• [Task prompt] In the records that follow, the lines from the one containing "Boc Born Concept" to the one containing "和胜天誉158平方米现代简约风格平层户型卧室装修效果图", inclusive, are to be given again exactly.
START Entries shown
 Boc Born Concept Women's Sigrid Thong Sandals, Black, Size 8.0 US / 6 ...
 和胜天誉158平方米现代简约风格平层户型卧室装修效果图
END Entries shown
START Entries shown
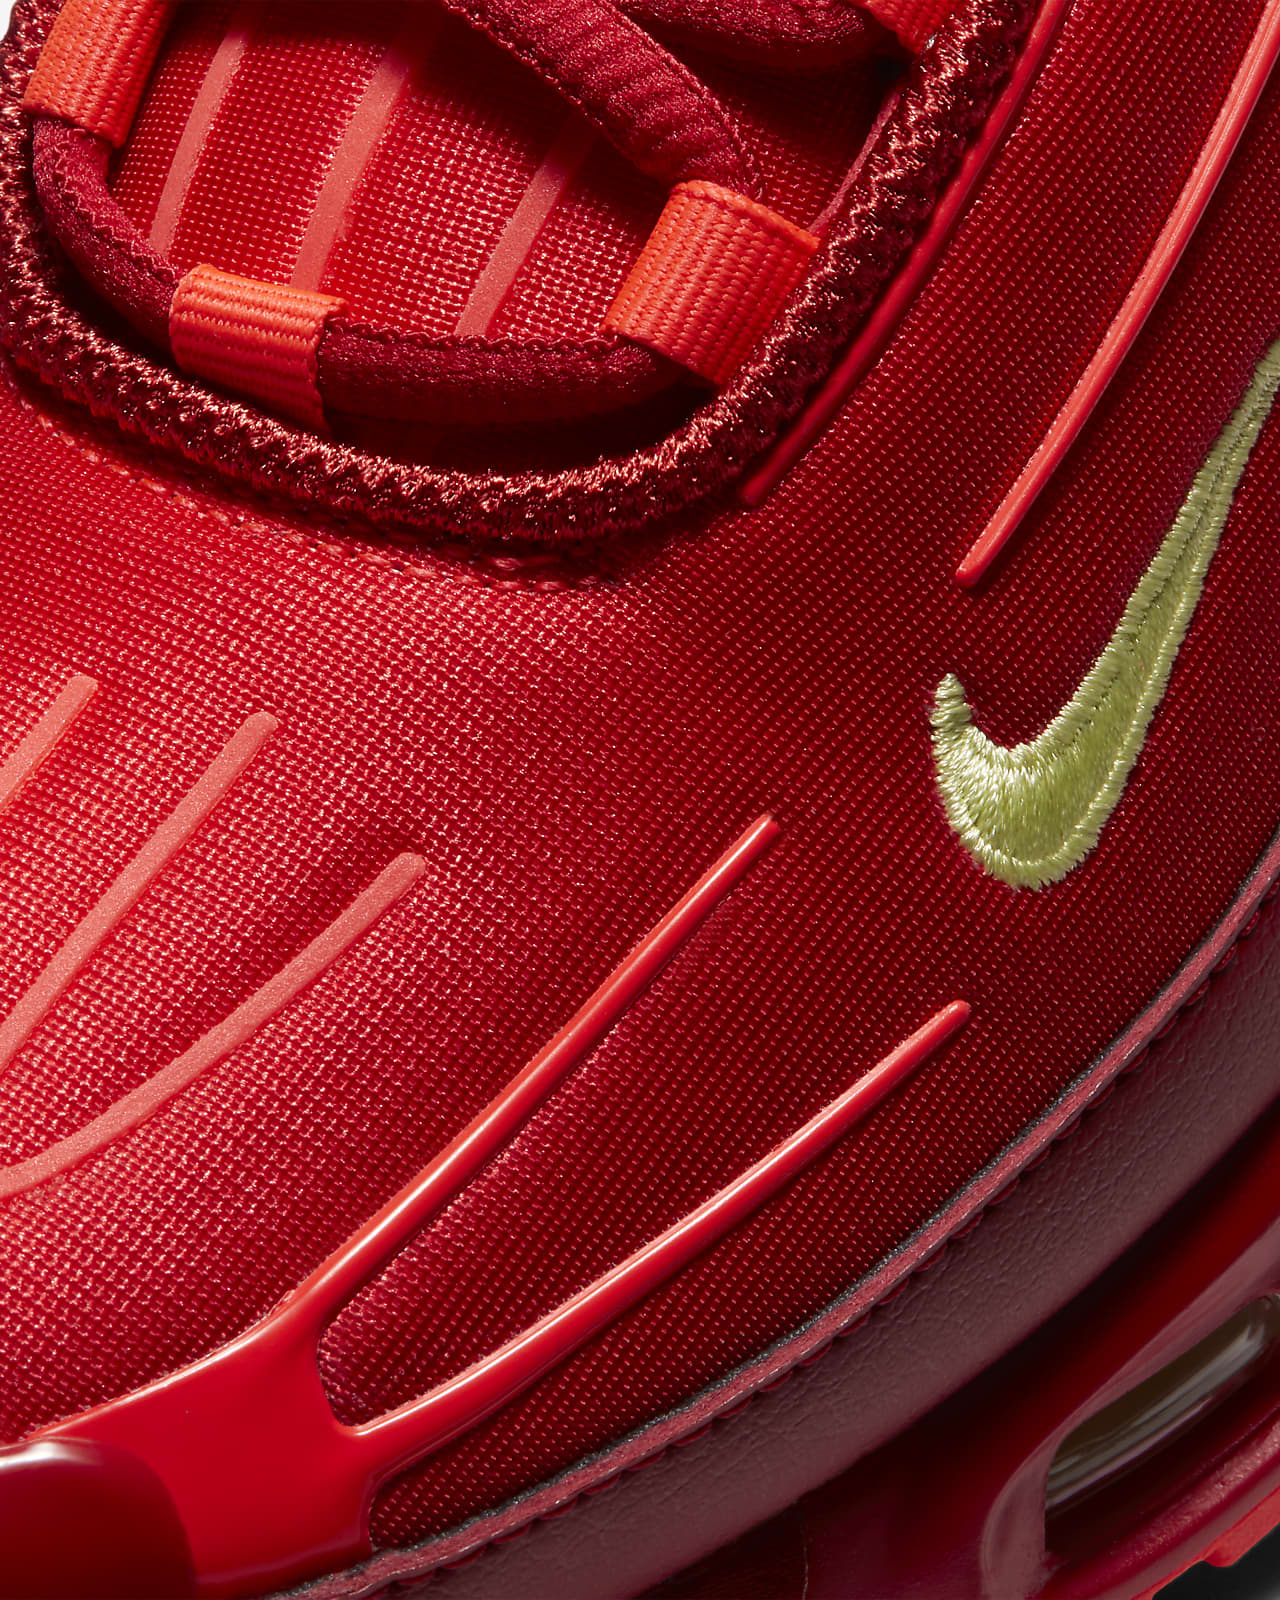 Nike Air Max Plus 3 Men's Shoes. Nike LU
END Entries shown
START Entries shown
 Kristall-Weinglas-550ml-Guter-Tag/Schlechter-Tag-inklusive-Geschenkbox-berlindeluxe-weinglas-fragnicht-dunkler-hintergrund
END Entries shown
• [Response]
 Boc Born Concept Women's Sigrid Thong Sandals, Black, Size 8.0 US / 6 ...
 和胜天誉158平方米现代简约风格平层户型卧室装修效果图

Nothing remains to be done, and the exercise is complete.